The academics also state that government should not have a unilateral veto over what is disclosed. Agreed, but then their proposed legislation does exactly that. In a section on the secret committee’s annual report, they give the Attorney General the power to keep certain information from public disclosure. Imagine this scenario: the MPs learn that CSIS is complicit in the ongoing torture of a Canadian citizen in an Egyptian dungeon. They wish this to be made public. CSIS objects and then goes to the Attorney General. The Attorney General then goes to Federal Court to argue that under the Canada Evidence Act, the information should not be disclosed and, further, that a hearing into the reasons why must be held in secret as well. Such Canada Evidence Act proceedings can take years. The transparency, accountability and democratic oversight that is the purported point of review is thus stuffed into the ever-expanding secret bureaucracy of state security. The poor soul in an Egyptian prison does not benefit, and any MP who speaks publicly risks jail, thanks to the legislation proposed by Mssrs. Roach and Forcese.

The problem in calling for expanded review with a “Super SIRC” under these circumstances has long been identified even by those with a preferential option for the powerful. Even Wesley Wark (who is far from a radical critic of CSIS) notes a good working relationship with a spy agency “can distort the critical faculties and independence of a review body.

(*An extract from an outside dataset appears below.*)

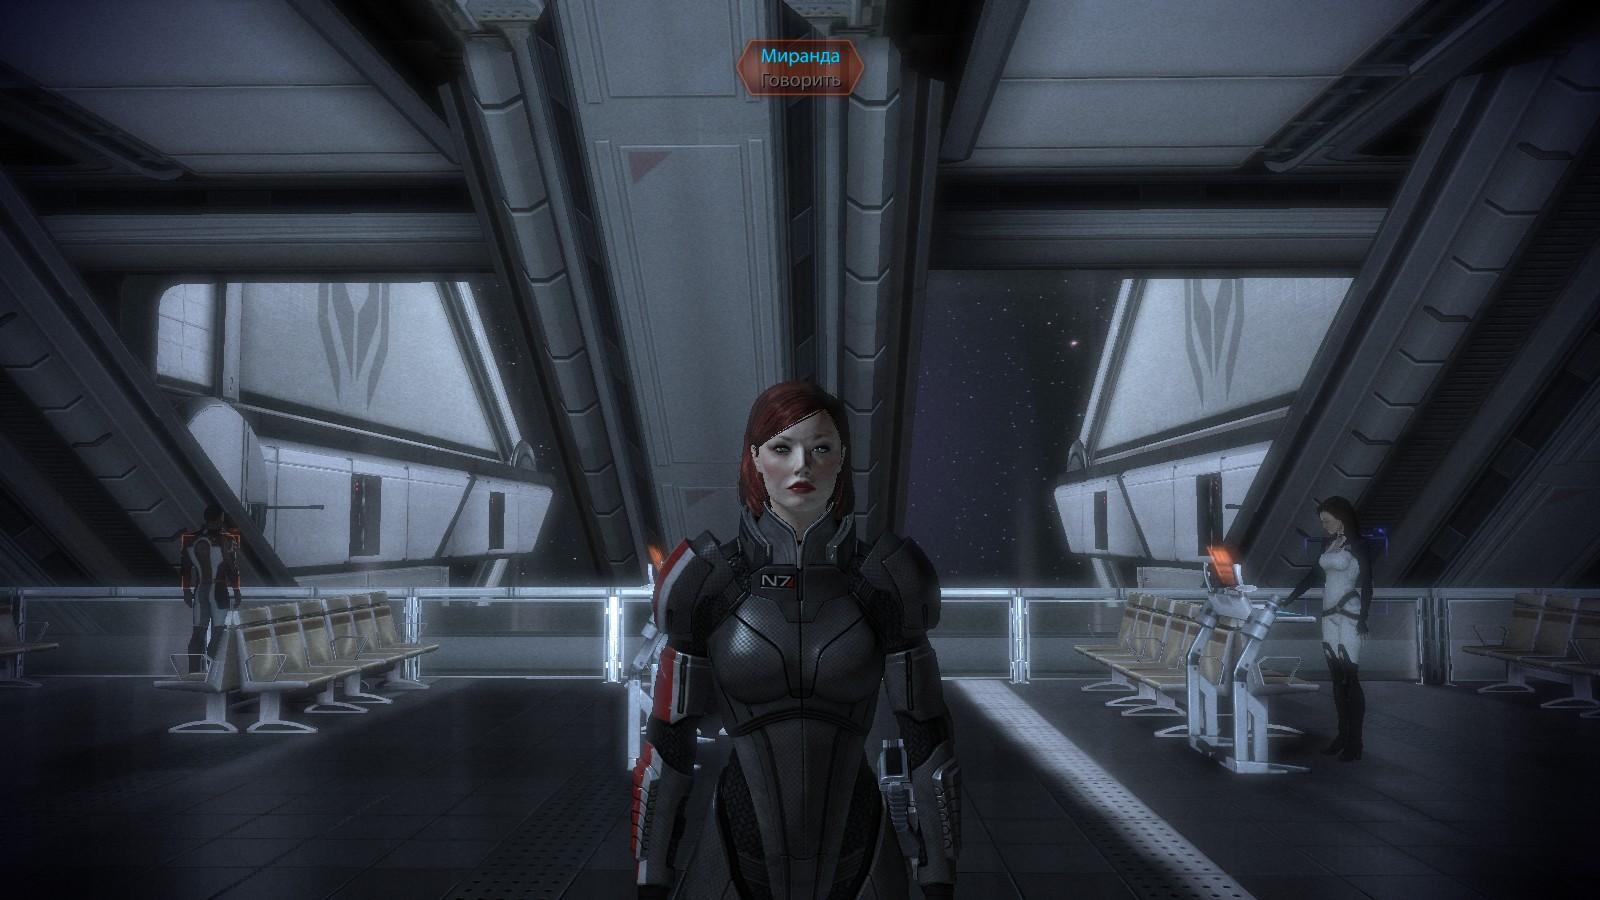 2015-10-05_00004.jpg - Mass Effect 2 game girls

It can also lead to the over-valuing of the relationship between reviewer and reviewed at the expense of the review body’s public function.”

That has certainly been the case with SIRC, which started out fairly critical of CSIS in the early years, but has since turned into the author of an annual gold-star, happy-face report card. While SIRC has occasionally done some very good work — its staff have written some excellent reports identifying serious problems with CSIS — it operates under the dynamic identified by Wark: they will point out individual problems, but fail to condemn structural abuses and question the broader agenda. In their 1991 annual report, SIRC wrote:

“[O]ur criticisms are no longer based upon strong and fundamental disagreements with the CSIS view of the world [emphasis added]. They are far more the results of differences of opinion regarding the day-to-day implementation of CSIS policies than, as in the past, our opposition to those policies themselves.”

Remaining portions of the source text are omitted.